Compaq reorganises networking division

Compaq Computer is reorganising its networking unit to better reflect changes in buying patterns among users, and will rely on partnerships with third-party manufacturers to offer networking products in the future, according to company officials.

Starting this week, portions of the Network and Access Communications (NAC) Division will be brought into other product groups, according to John Ardini, vice president of networking programs for NAC.

Remote access servers and network interface cards will be brought into the Server Division, modem products will be moved to the PC Division, and the company's hubs-and-switches business will remain in the NAC unit, within the Enterprise Group, Ardini said.

"The NAC Division continues to exist ... but it will be smaller," Ardini said. No NAC employees will lose their jobs as a result of the switch, said Ardini, though he declined to specify the current or future size of the NAC unit.

The reorganisation is not to be taken as a sign that Compaq is retreating from the networking business, Ardini stressed. Rather, Compaq is moving responsibility for various networking products into the appropriate computing groups to facilitate sales of systems solutions, Ardini said.

"We saw the role of networking as becoming integrated into solutions," Ardini said. "When customers are purchasing servers they're also asking the networking questions ... so we want to integrate our offerings," he said.

Compaq has had some of its own networking product manufacturing capabilities through acquisitions of Digital Equipment Corp., Microcom and other companies. But for next-generation products, as well as for enhancements to current products, Compaq will look to relabel equipment made by business partners such as Cabletron Systems, Ardini said.

At least one analyst was critical of Compaq's move, however.

"What's happening on the low end is a commoditisation of networking products, and the margins are just not there to make money relabeling other people's products," said Tom Nolle, president of CIMI, a networking consultancy in Vorhees, New Jersey. "My speculation is that this is an interim step at the low end of the market, as a market place holder to validate the market opportunity until they decide to do something else. I see this as more of a de-emphasising of the high end of the (networking) business because there is no indication they have any influence in that portion of the market."

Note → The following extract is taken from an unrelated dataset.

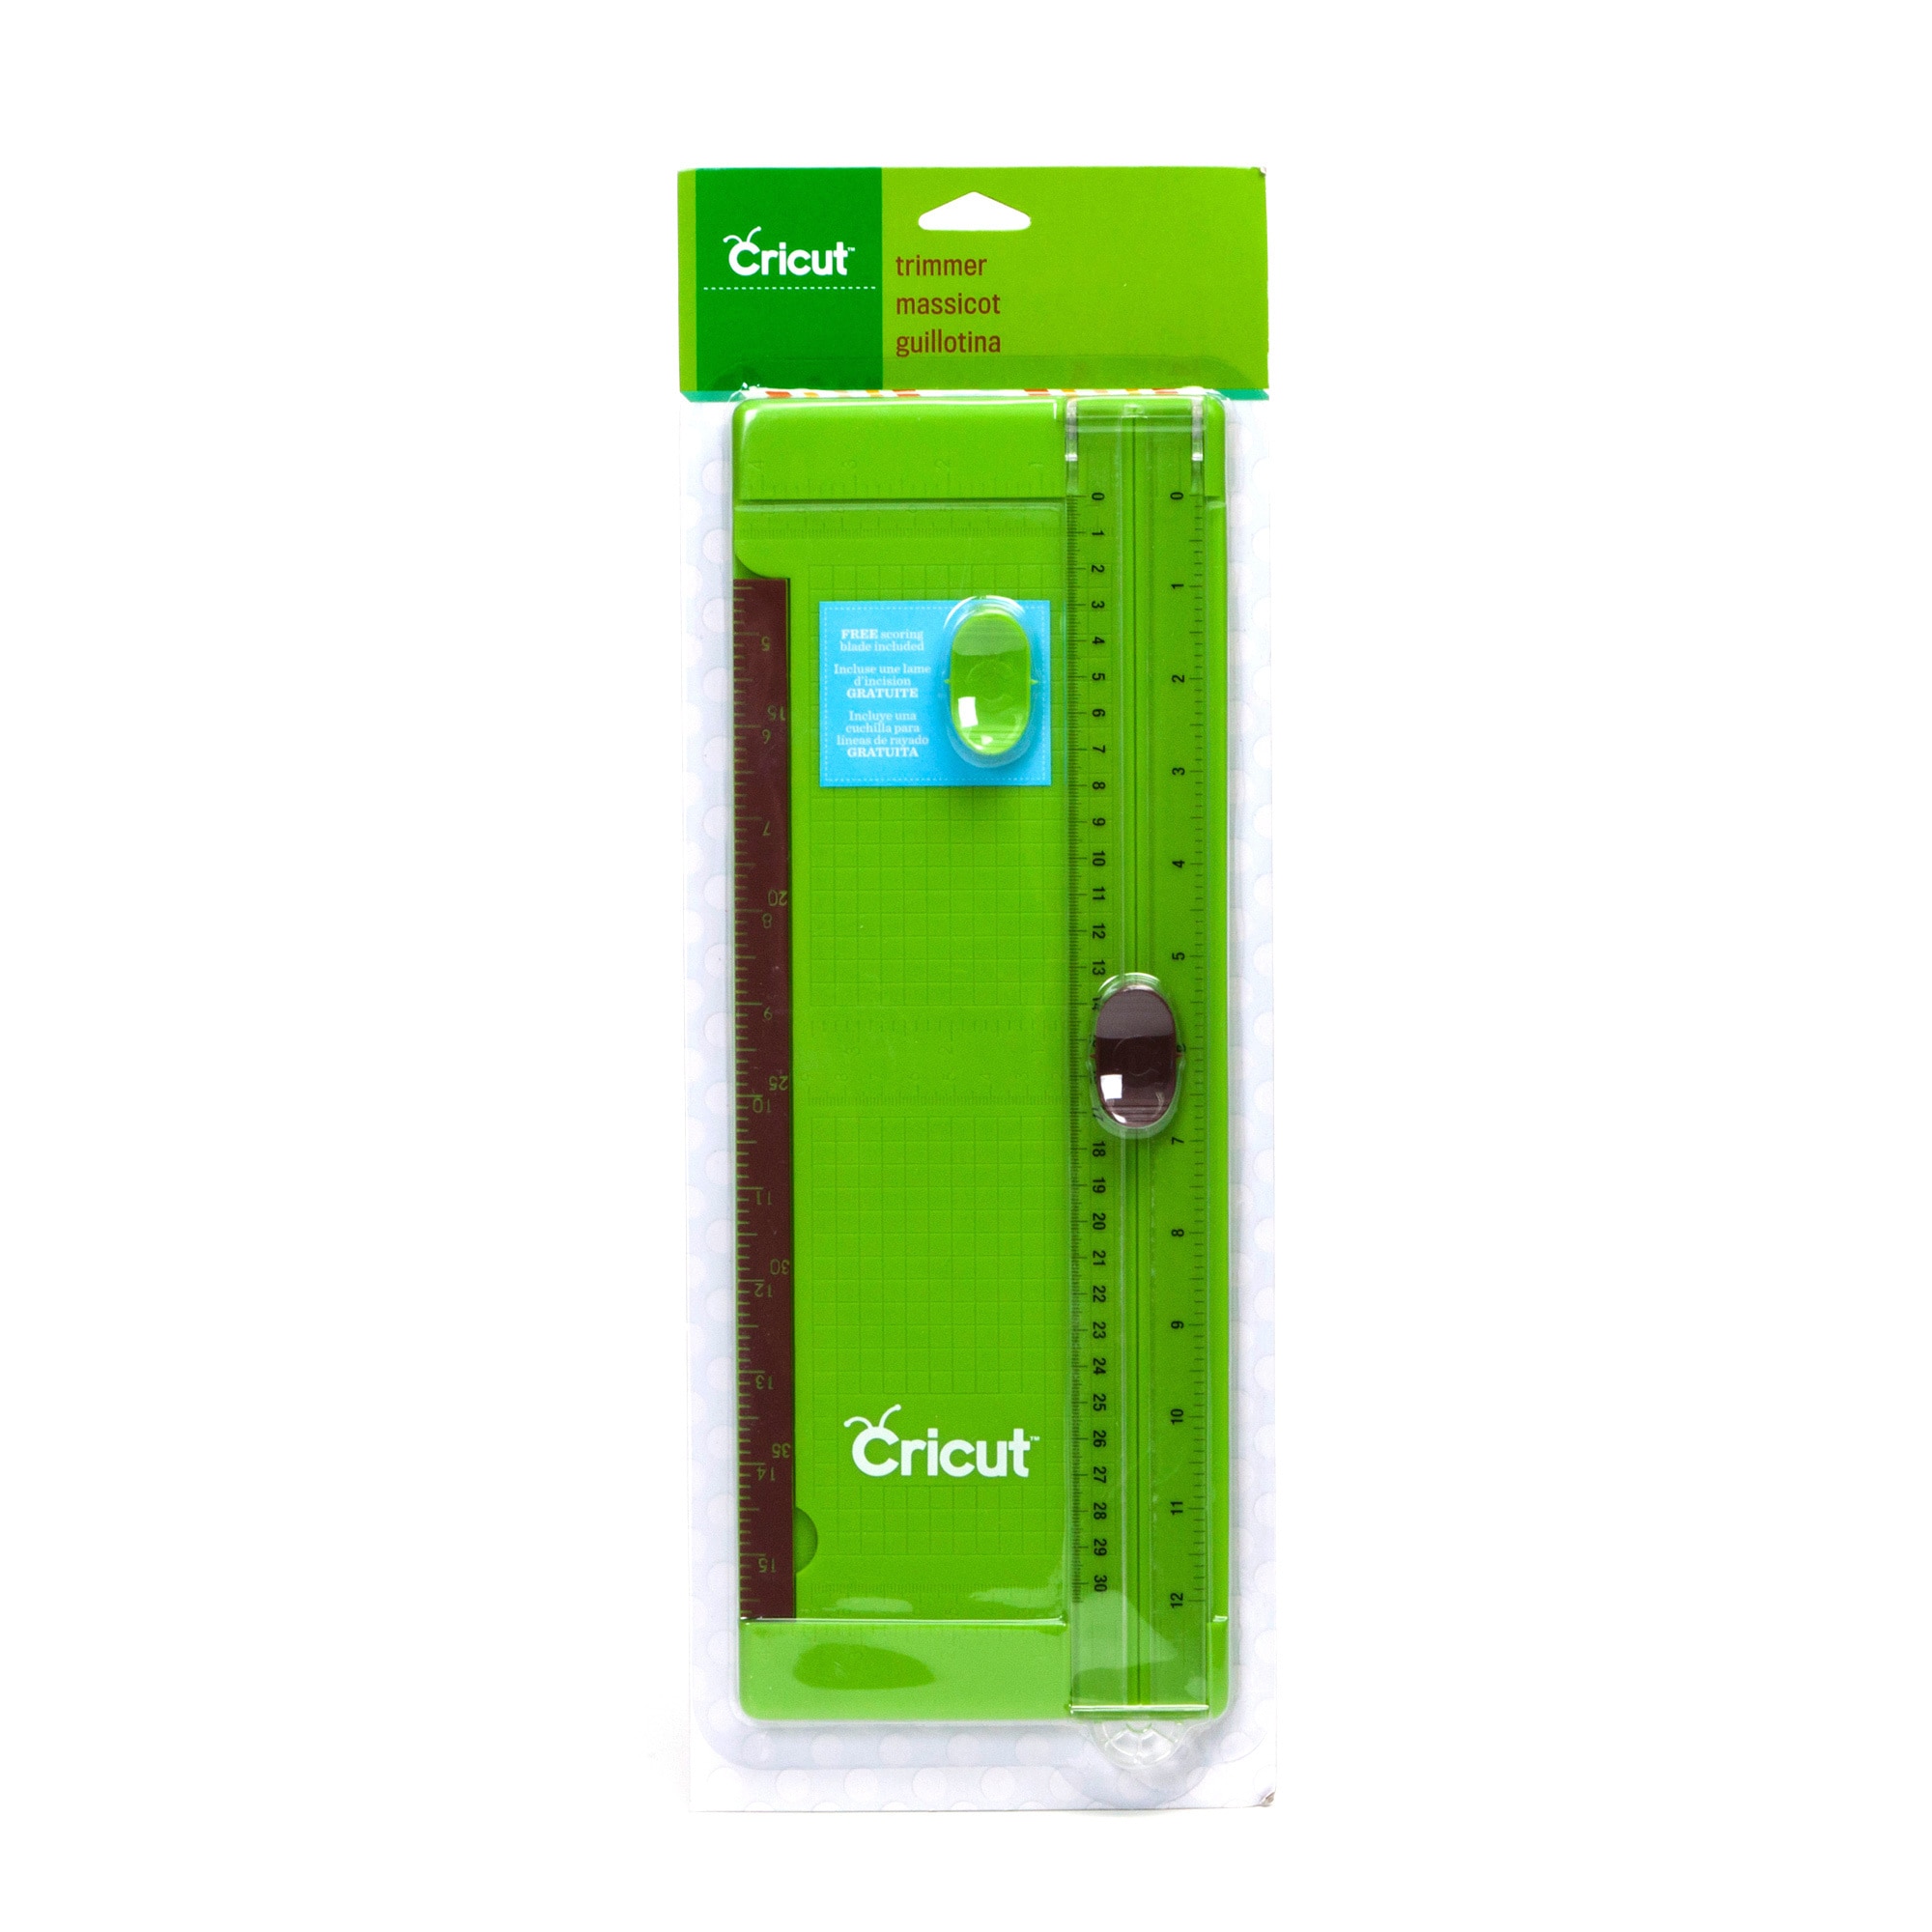 Cricut trimmer tip: it doubles as a scoring tool #cricut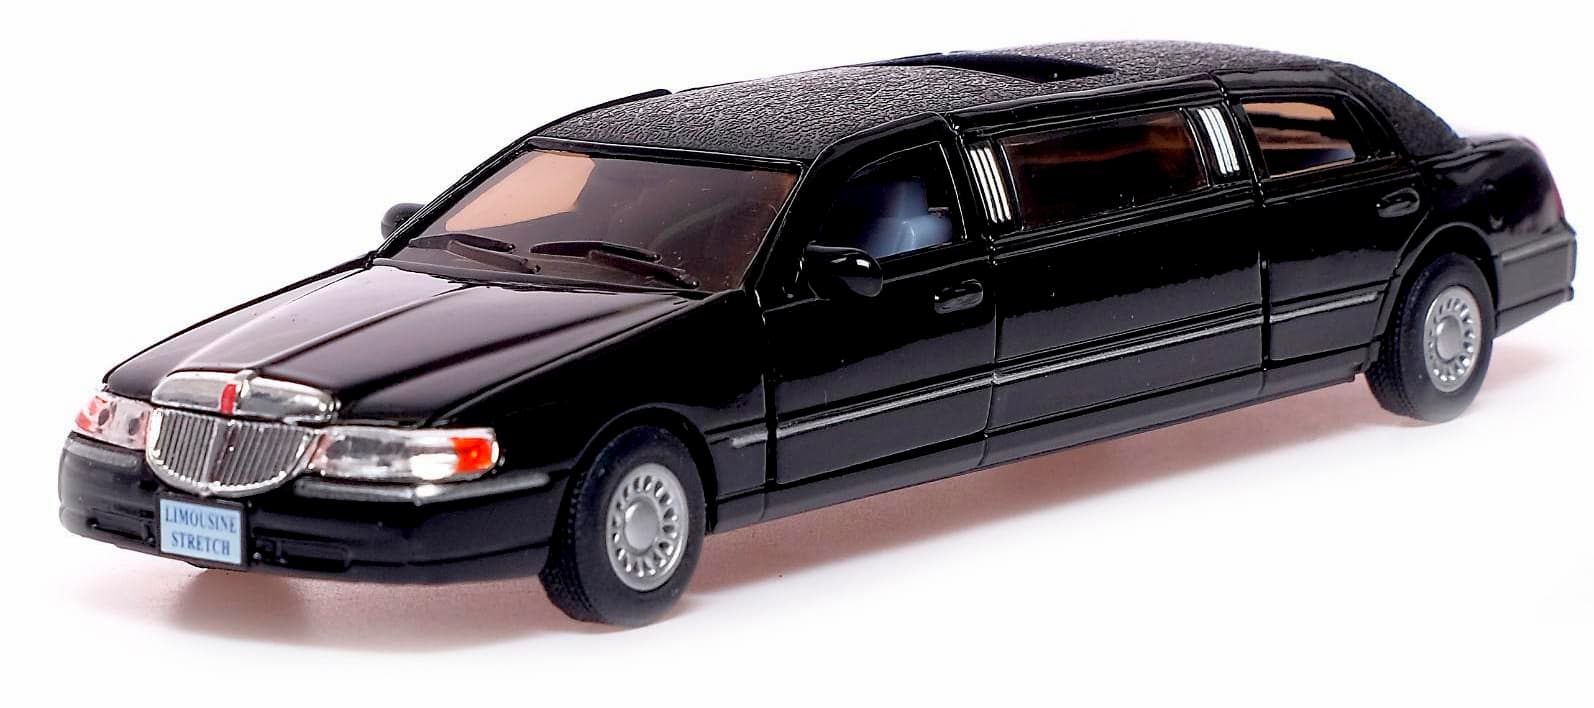 Металлическая машинка Kinsmart 1:38 «1999 Lincoln Town Car Stretch Limousine» KT7001WH в коробке / Микс

Meanwhile, Compaq's positioning of its network business reorganisation as a way to reflect changes in buying patterns does not make sense with what Nolle views as the marketplace reality.

"If that's what they really think they must be smoking something," Nolle said, stressing that hardware and networking purchases are still based on separate decisions. "There's no indication that the buyers of server equipment and the buyers of networking equipment are the same people -- look at the networking leaders, none of them make computers, and the IBM and Hewlett-Packard networking divisions have struggled for years."

Compaq can be a huge force in the low end, but it will need to put out its own products, Nolle said. The quickest way to do this will be to buy a networking company and focus on the low end, he said.